Cell growth/hypertrophy

The rate of protein synthesis was determined by the incorporation of [3H]leucine as previously described (Chandrasekar et al., 2005; Colston et al., 2007). Quiescent VSMC in 24-well plates were treated or not with IL-18 (1 ng/ml) for 24 h and then incubated with 0.5 μCi [3H]-leucine for an additional 6 h. The radioactivity incorporated into the trichloroacetic acid-precipitable material was determined by liquid scintillation counting.

Adenoviral transduction

SMC were infected at ambient temperature with adenovirusin PBS at the indicated multiplicities of infection (MOI; Supplementary file). After 2h, the adenovirus was replaced with culture mediasupplemented with 0.5% BSA. Assays were carried out 24 h later. The transfection efficiency with the adenoviral (determined using Ad. GFP) and retroviral particles was near 100%, and infection with the viral vectors at indicated MOI and for the duration had no significant effect on SMC shape, adherence, or viability.

Reporter assays

A 4.405-kb hWISP1 promoter-reporter plasmid and its deletion and mutant constructs, 1401nt AKT1 promoter reporter and its mutant construct, 1700nt MMP9 promoter reporter and its deletion (800nt) and mutant constructs, and the 726nt MMP9 promoter are all described in detail in the Supplementary file.

Transcription factor activation

Activation of NF-κB was analyzed by a reporter assay using VSMC transfected with adenoviral NF-κB reporter vector (Ad.NF-κB-Luc, 50 MOI). Similarly, activation of AP-1 was analyzed by a reporter assay using adenoviral transduction of an AP-1 reporter vector (Ad.AP-1-Luc; 50 MOI). Ad-MCS-Luc served as a control. Ad-β-galactosidase (Ad-β-gal; 50 MOI) served as an internal control. β-galactosidase activity in cell extracts was determined using a luminescent β-galactosidase detection kit II (BD Biosciences), and the results are expressed as the ratio of firefly luciferase to β-galactosidase activity measured in relative light units (RLU). TCF-LEF DNA binding activity was analyzed by EMSA using labeled double stranded consensus TCF site (CACTGGGAGCCCTCTCAAAGCCCACACACCCGCCTG) from the WISP1 promoter (AF223404). Specificity of TCF DNA binding activity was verified in competition experiments using unlabeled (cold) consensus and mutant (5′-CACTGGGAGCCCTCTGCTAGCCCACACACCCGCCTG-3′) oligonucleotides.

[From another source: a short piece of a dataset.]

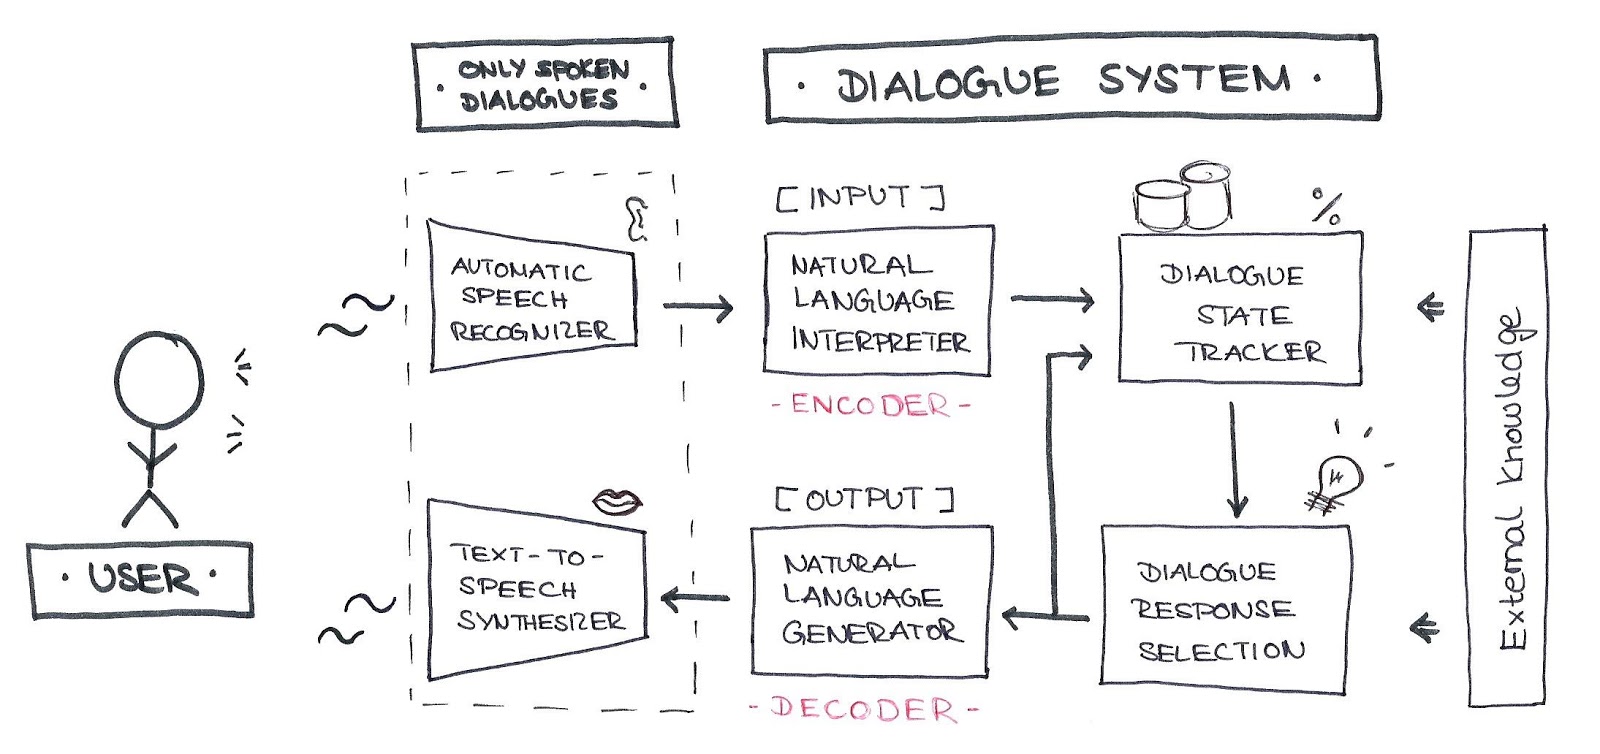 Architektur von Dialogsystemen, angelehnt an Serban et al. 2015

The β-catenin/TCF Optimal Promoter reporter plasmid TOPflash containing 7 TCF-consensus binding sites (Plasmid 12456; Addgene, Cambridge, MA; (Veeman et al., 2003), Addgene, Cambridge, MA). The FOPflash vector (#21-169) containing mutant TCF-binding sites was purchased from Millipore. VSMC were transfected with 2 μg of the indicated vector using Lipofectamine 2000. The firefly luciferase activity was normalized to the Renilla luciferase activity. TCF activation was also analyzed by EMSA.

Analysis of mRNA expression

The expression of IL-18, WISP1 and MMP9 mRNA was analyzed by reverse transcription and real time PCR using Taqman probes. No template controls were also performed for each assay, and samples processed without the reverse transcriptase step served as negative controls. Each cDNA sample was run in triplicate, and the amplification efficiencies of all primer pairs were determined by serial dilutions of input template. Data were analyzed using the 2−ΔΔCt method. Using Actin as the endogenous invariant control gene, all data were normalized and expressed as the fold difference in gene expression in IL-18 or WISP1 treated cells relative to untreated control cells. MMP and tissue inhibitors of metalloproteinases (TIMPs) expression was analyzed as previously described (Chandrasekar et al., 2006) using a qPCR-based array (Extracellular Matrix and Adhesion Molecule PCR array, PAHS-013; SA Biosciences, Frederick, MD) that detects 13 MMPs (MMP 1, 2, 3, 7, 8, 9, 10, 11, 12, 13, 14 [membrane type 1-MMP or MT1-MMP], 15 [MT2-MMP], 16 [MT3-MMP]) and 3 TIMPs (TIMP 1, 2, 3). Data in respective untreated and Ad.GFP infected samples was considered 1, and are shown as fold change.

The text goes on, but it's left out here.